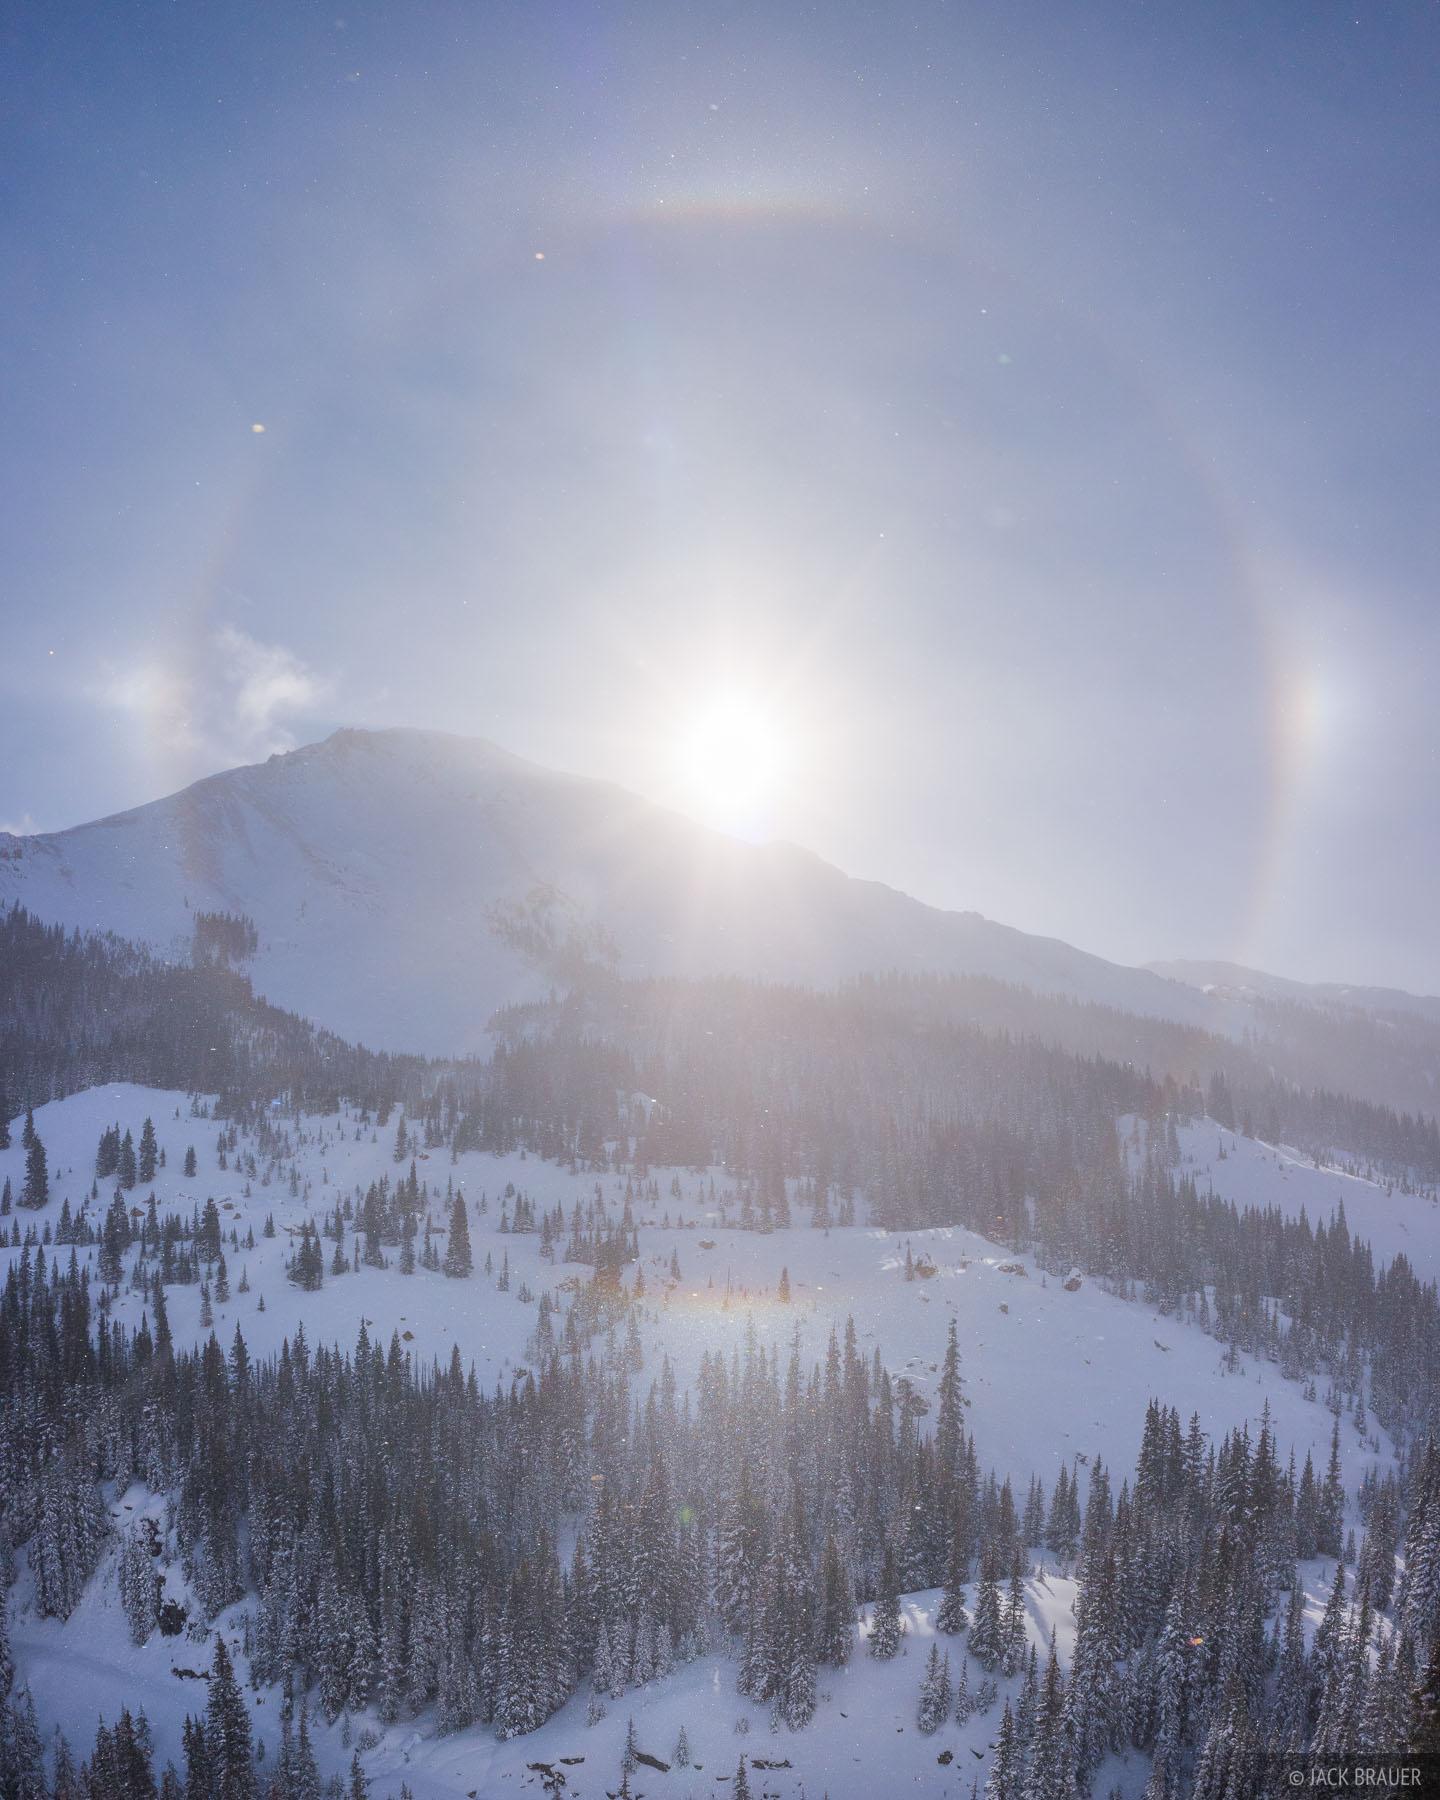 A sundog over Red Mountain #3, December.
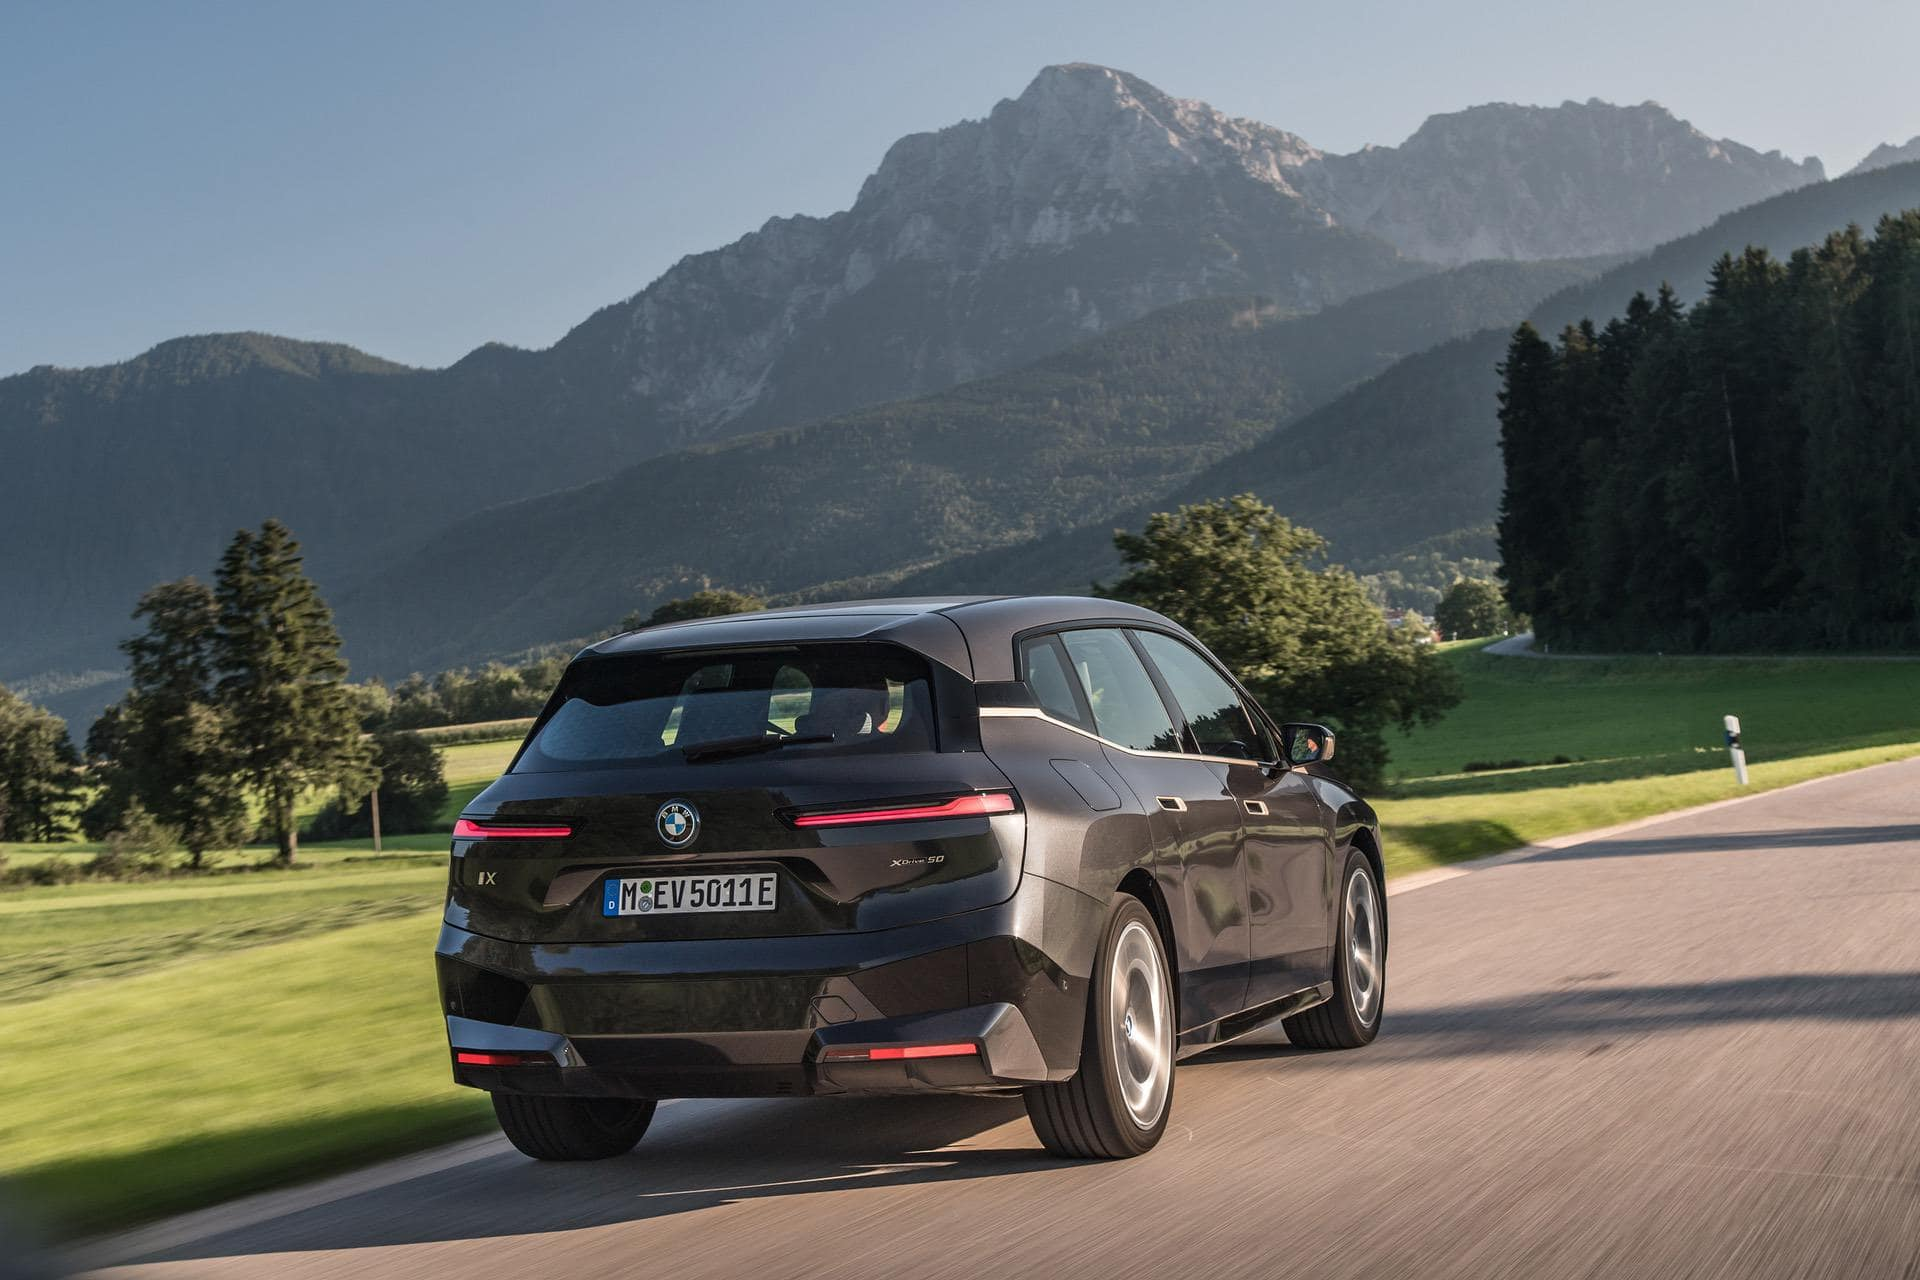 TEST DRIVE: 2022 BMW iX xDrive50 – The Bavarian Magic Carpet
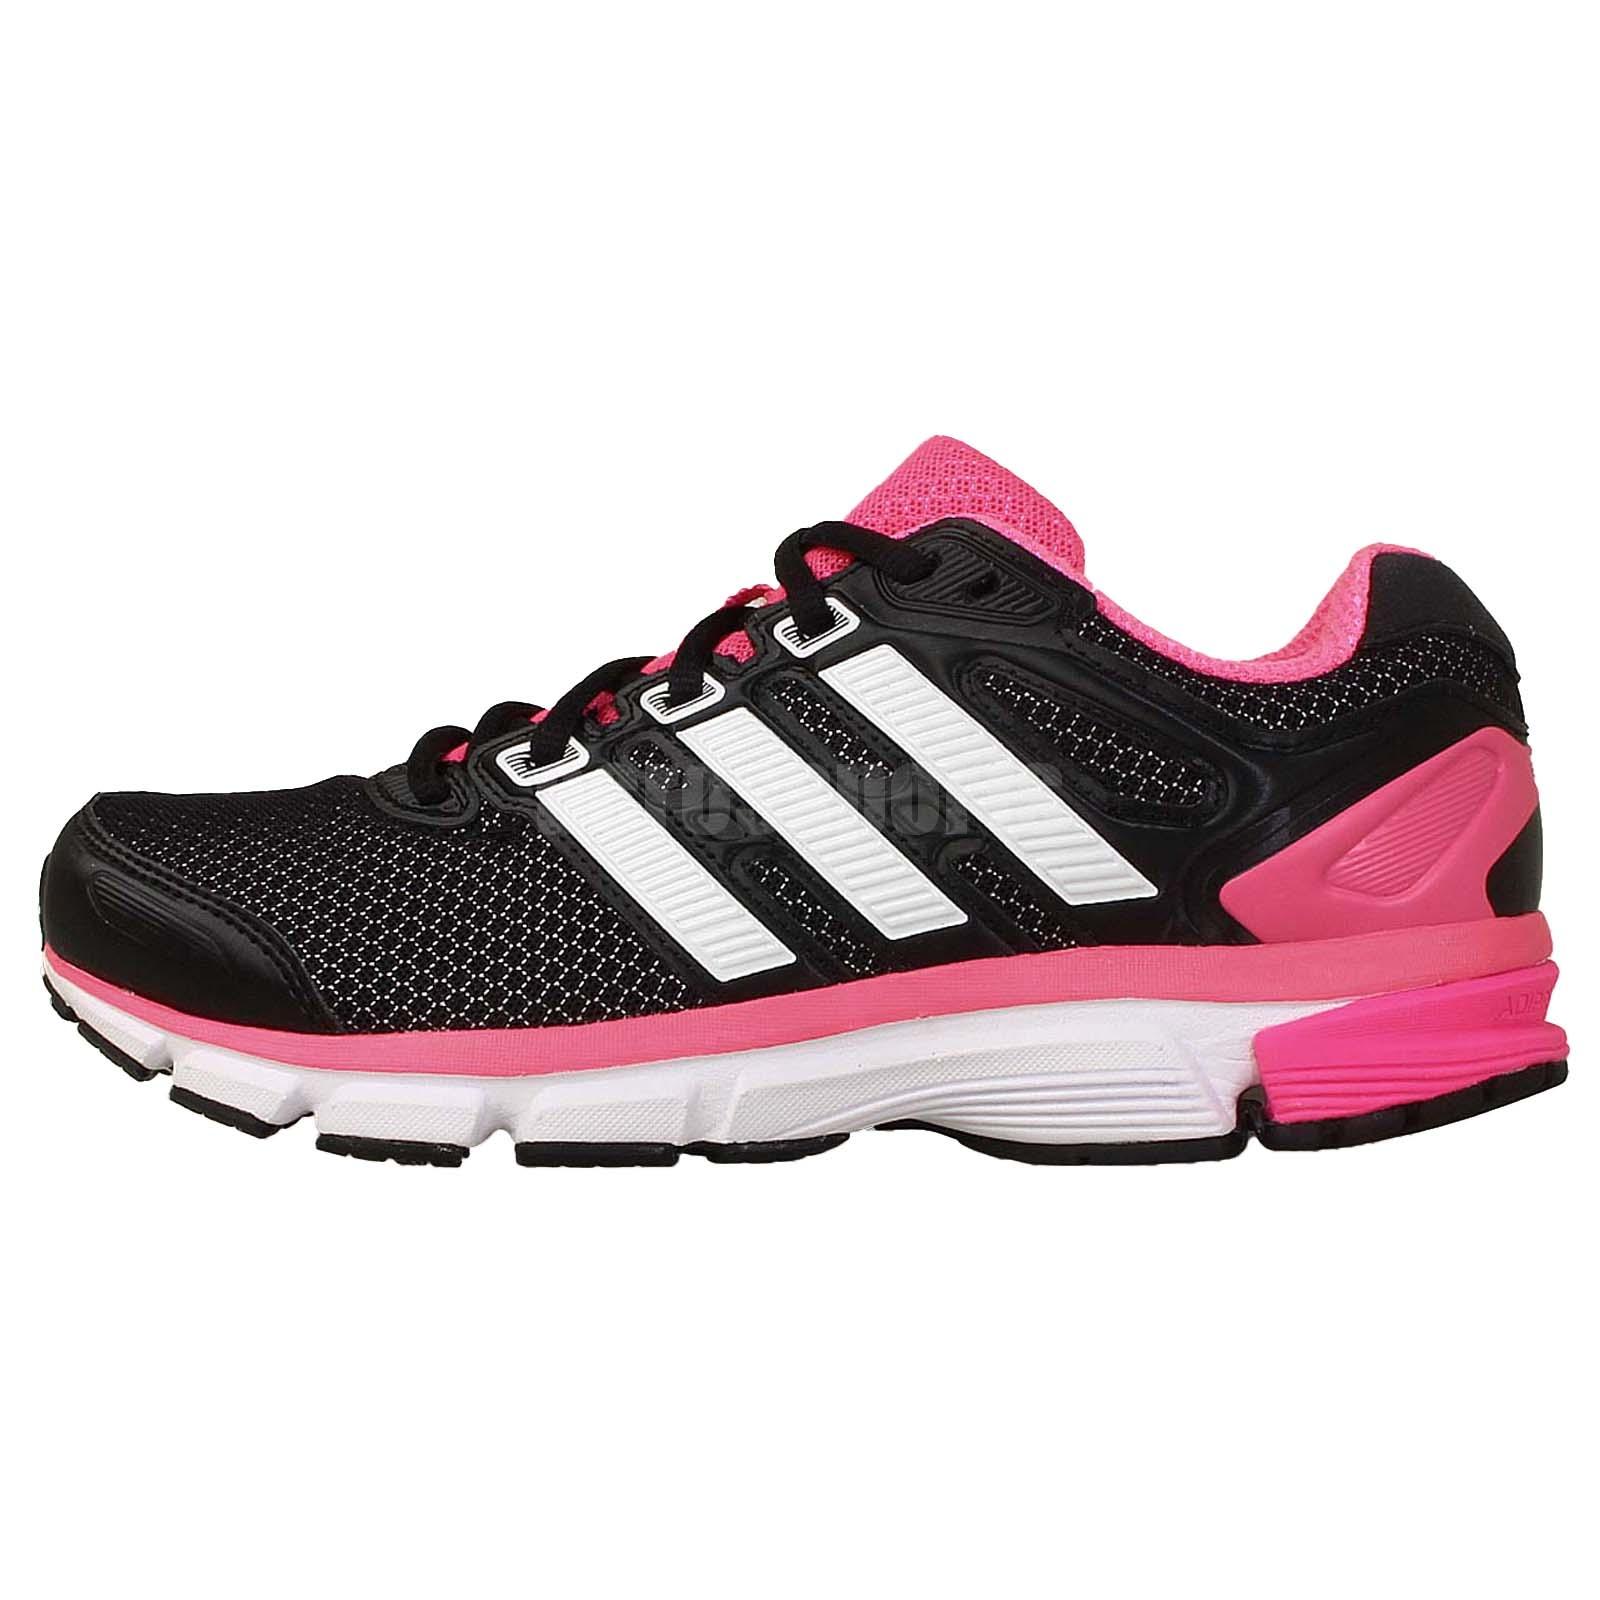 adidas nova stability w black white pink 2014 womens

◆ ASSIGNMENT: Write the material out again word for word and omit any images.

◆ SOLUTION BELOW:
 A sundog over Red Mountain #3, December.
 TEST DRIVE: 2022 BMW iX xDrive50 – The Bavarian Magic Carpet
 adidas nova stability w black white pink 2014 womens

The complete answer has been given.